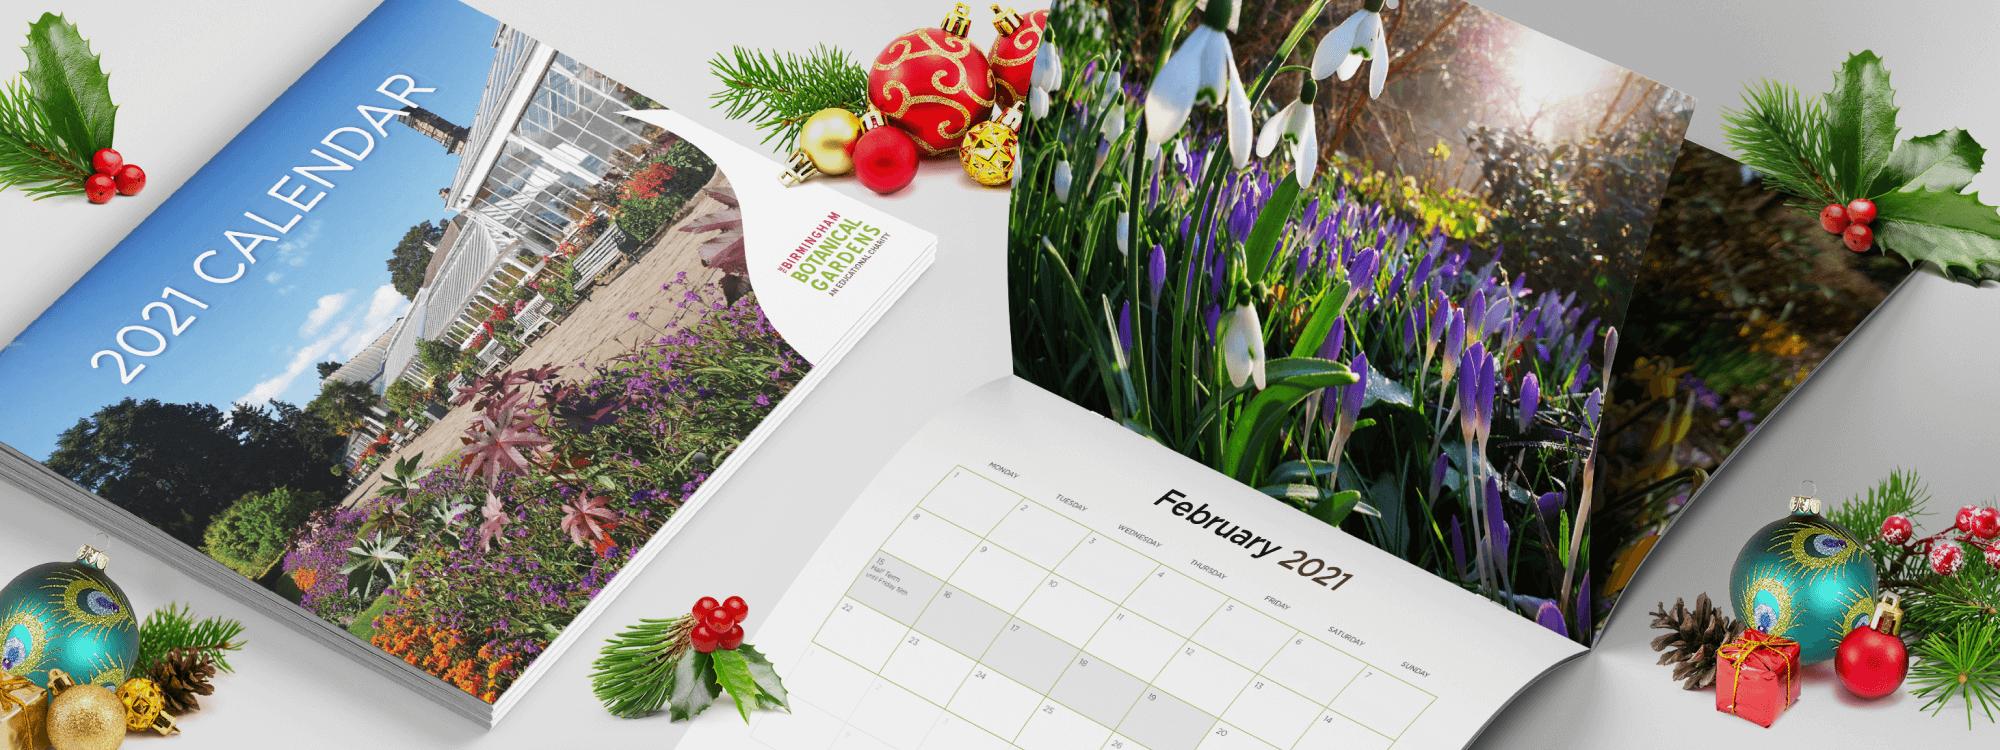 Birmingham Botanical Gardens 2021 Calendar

==

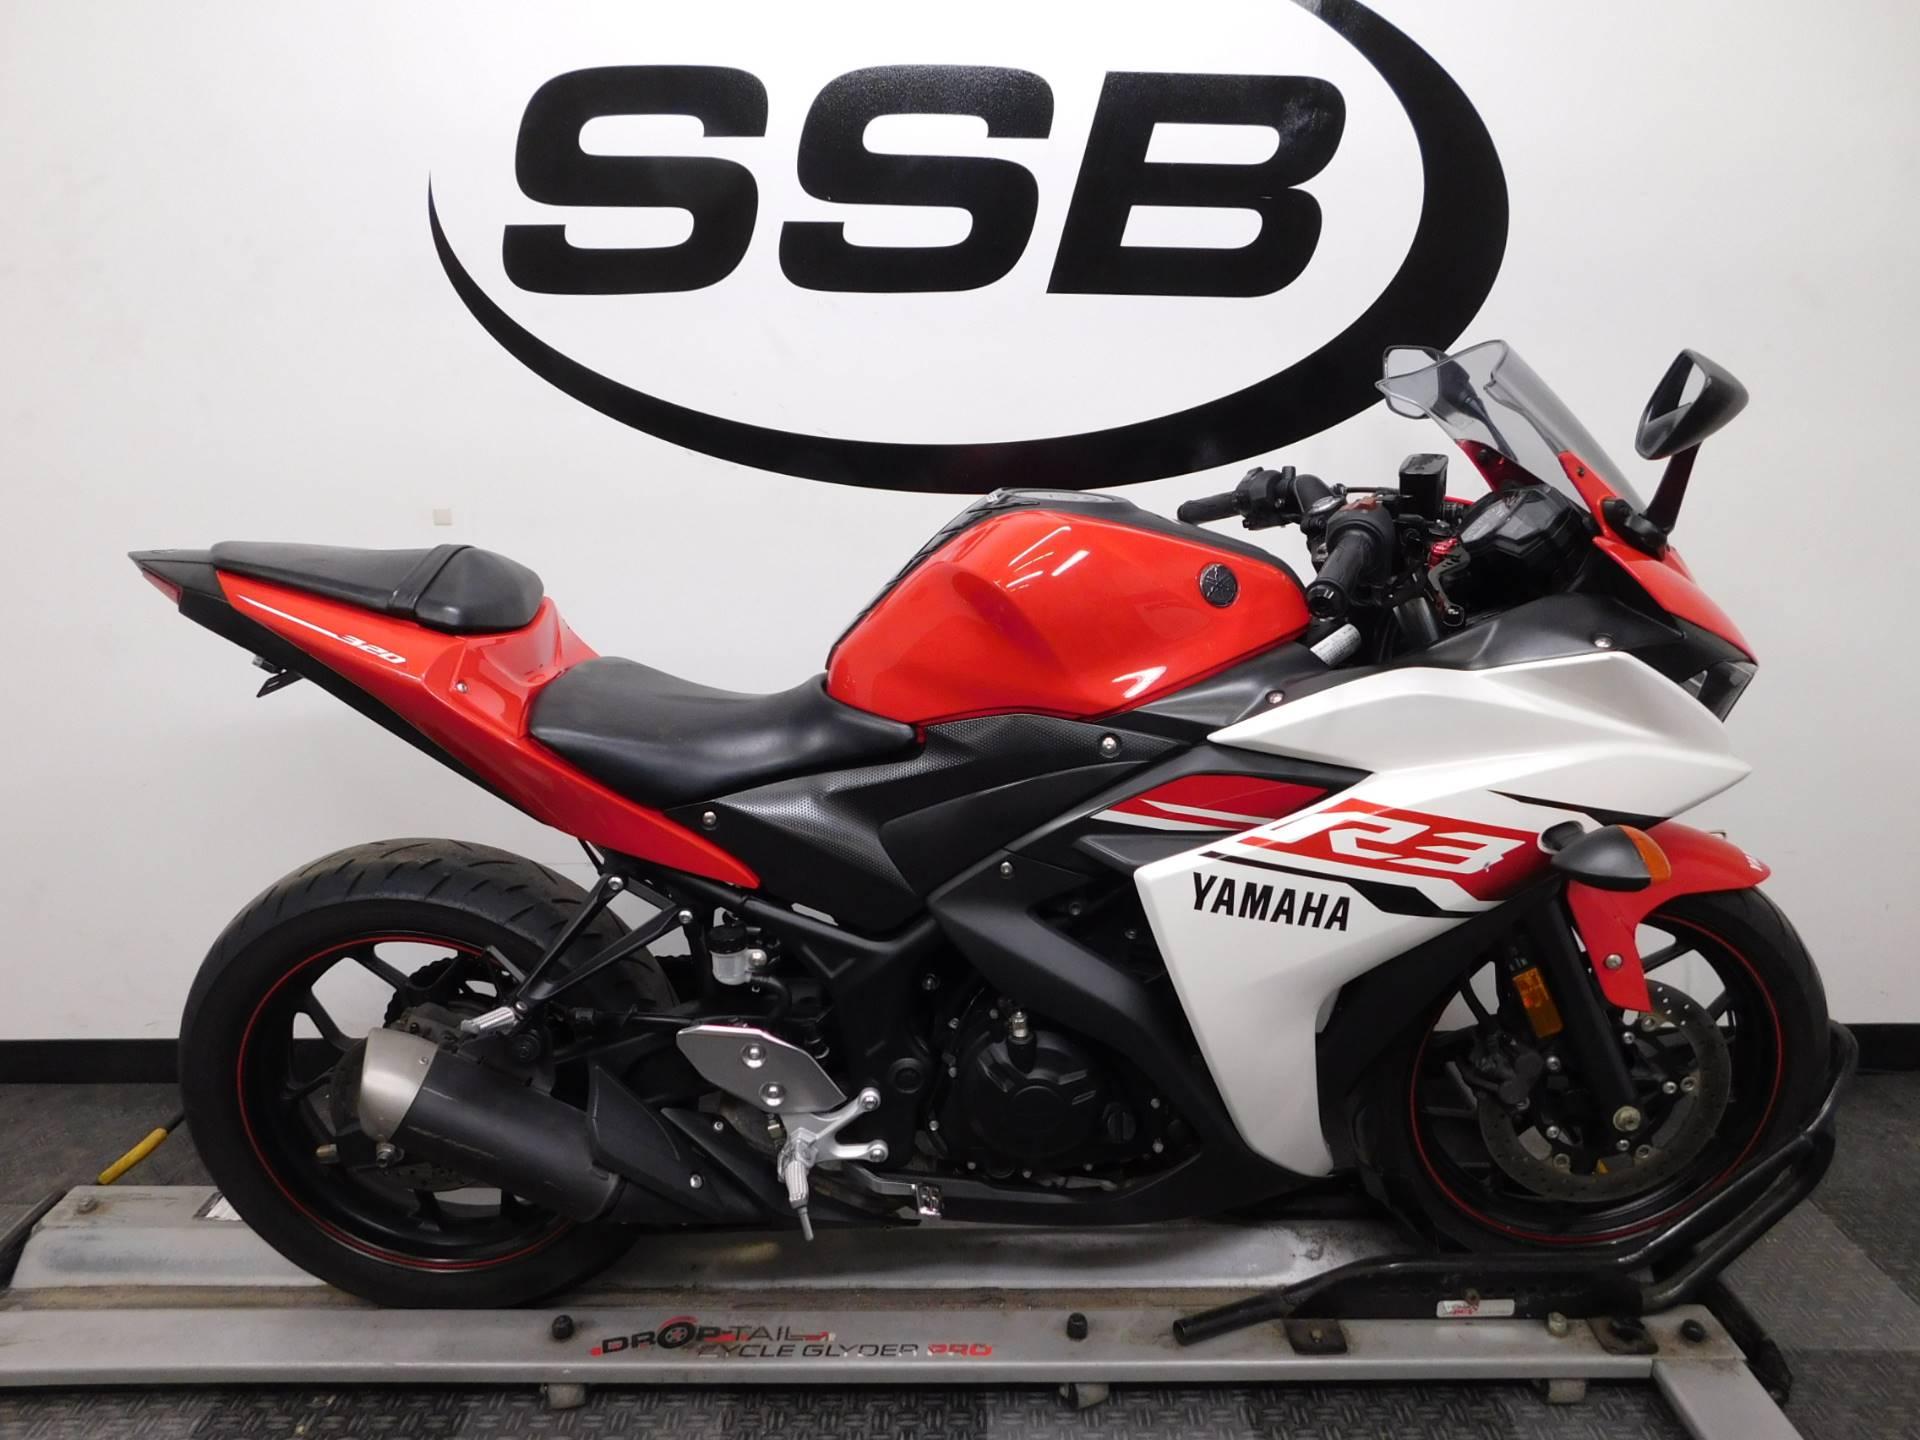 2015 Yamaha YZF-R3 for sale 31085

--

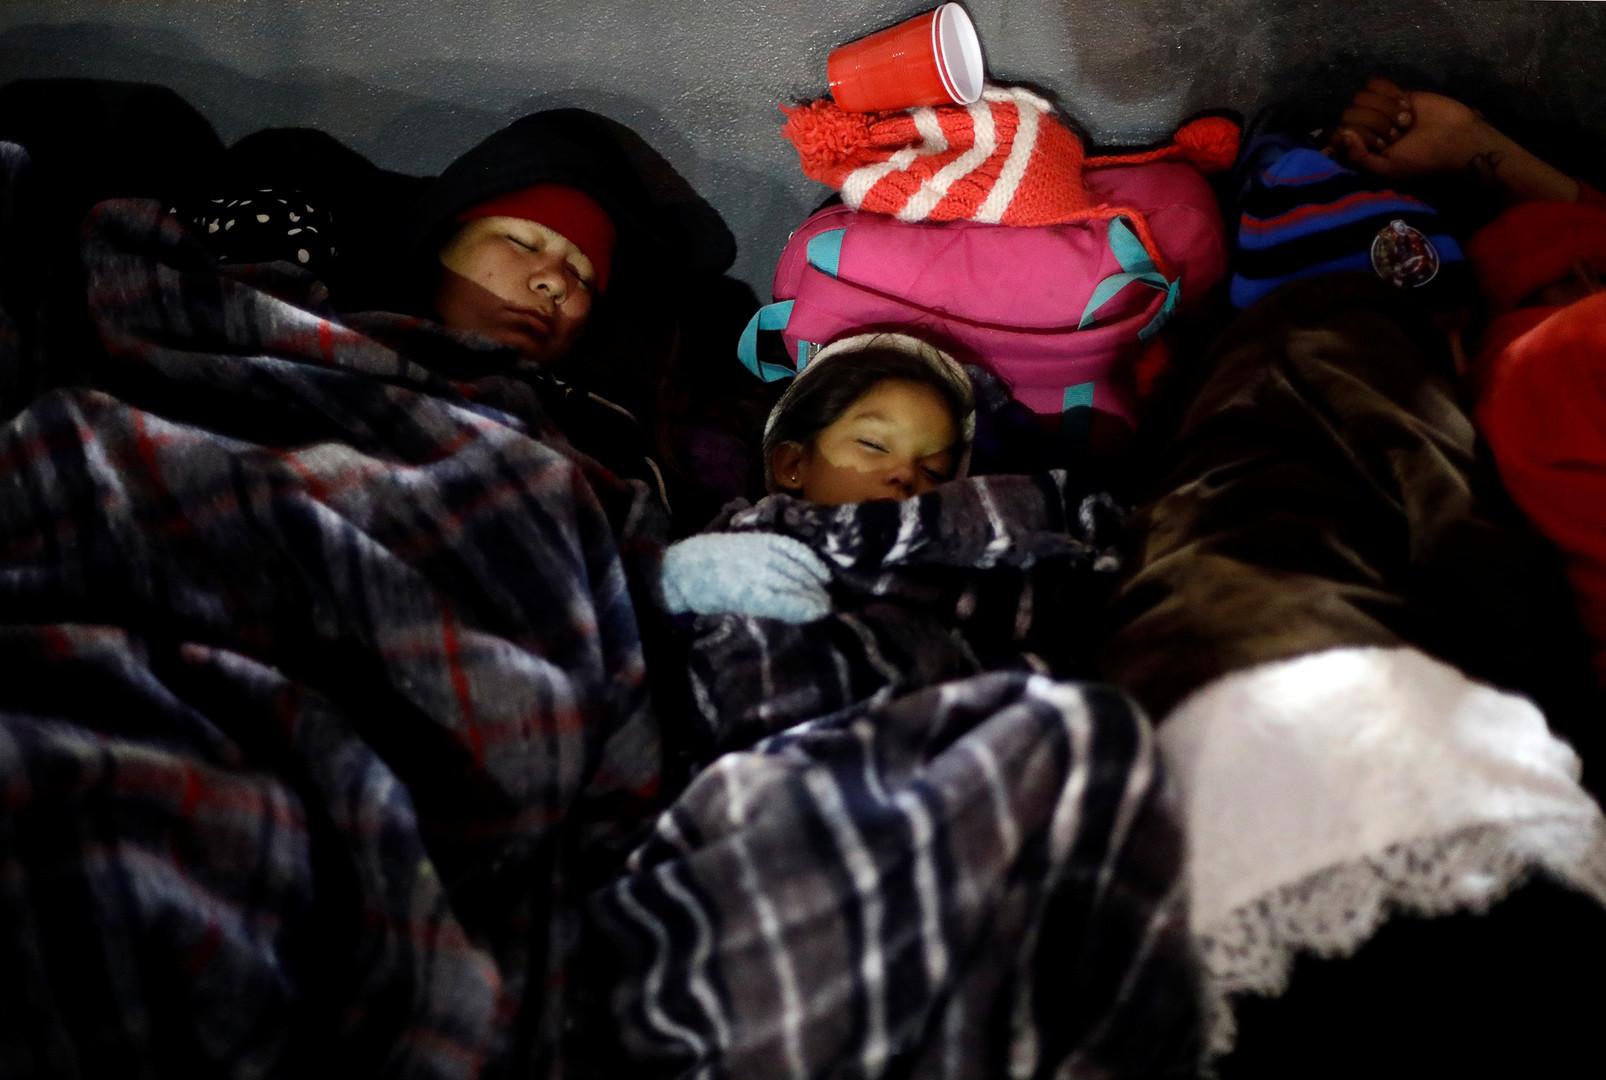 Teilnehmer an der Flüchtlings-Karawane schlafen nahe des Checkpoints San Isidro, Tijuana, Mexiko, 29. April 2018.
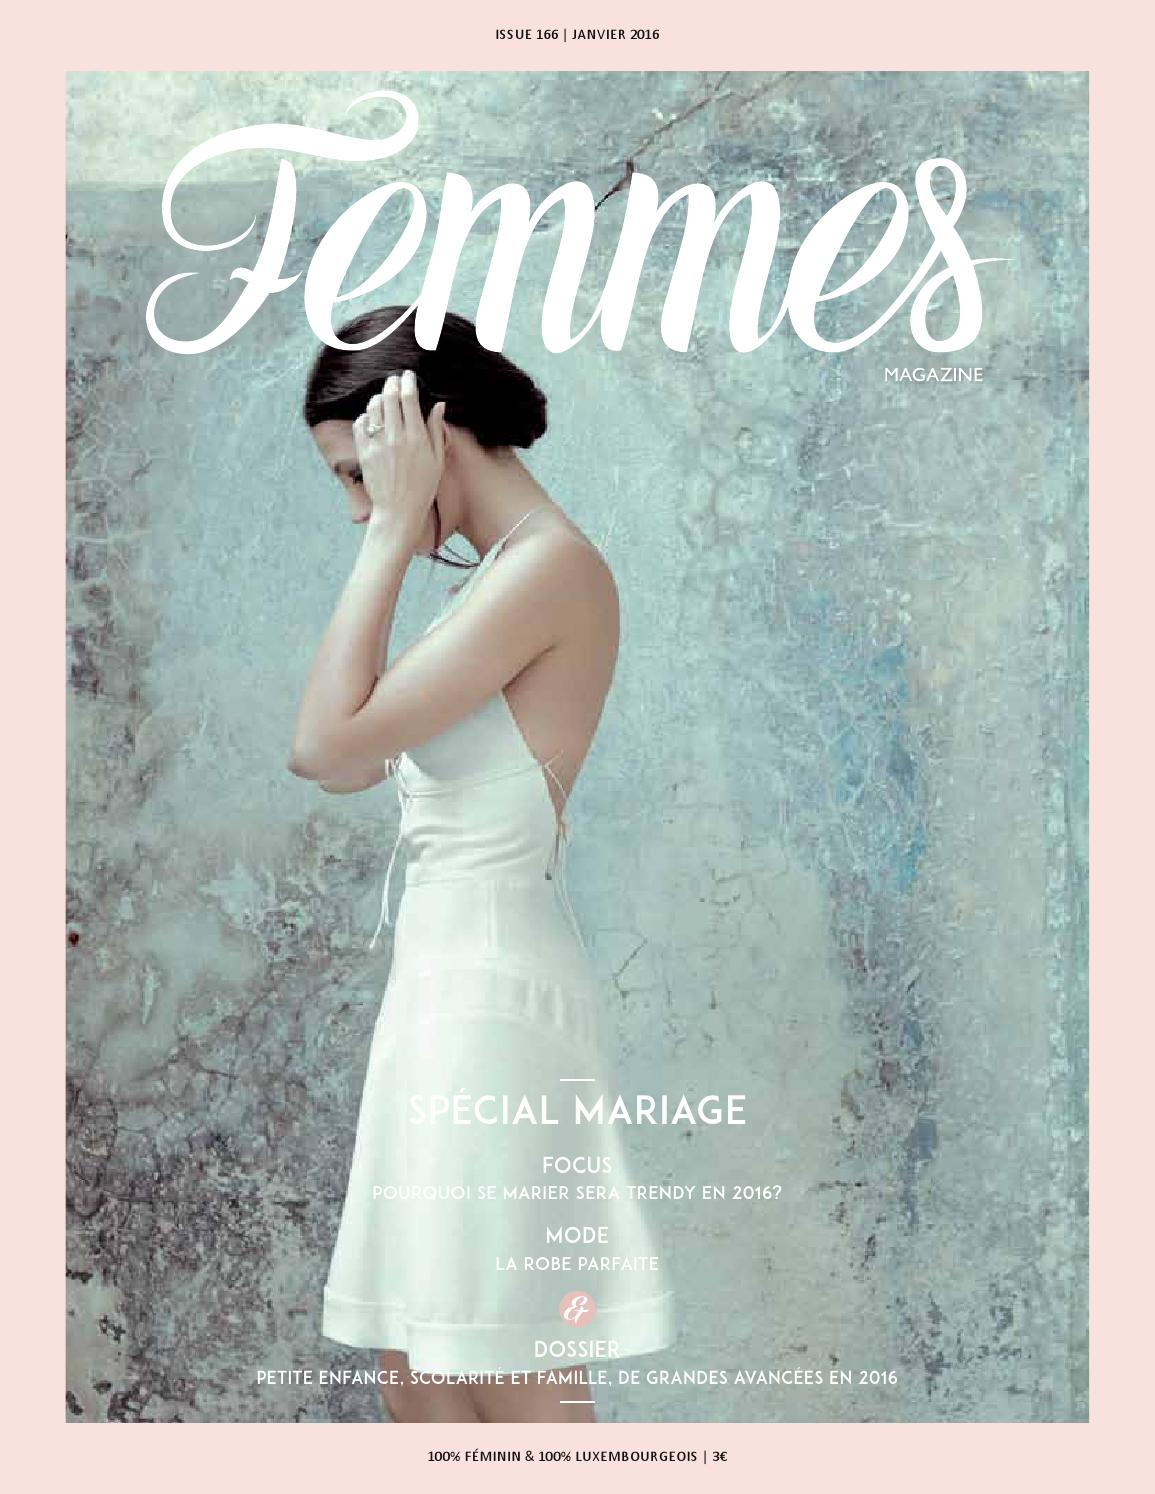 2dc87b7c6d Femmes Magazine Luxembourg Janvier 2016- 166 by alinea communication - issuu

### What this task involves
The material above holds pictures; leave them out. Repeat exactly the lines from the one containing "Teilnehmer an der" through the one containing "2dc87b7c6d Femmes Magazine", and nothing else.

### Answer to the exercise
 Teilnehmer an der Flüchtlings-Karawane schlafen nahe des Checkpoints San Isidro, Tijuana, Mexiko, 29. April 2018.
 2dc87b7c6d Femmes Magazine Luxembourg Janvier 2016- 166 by alinea communication - issuu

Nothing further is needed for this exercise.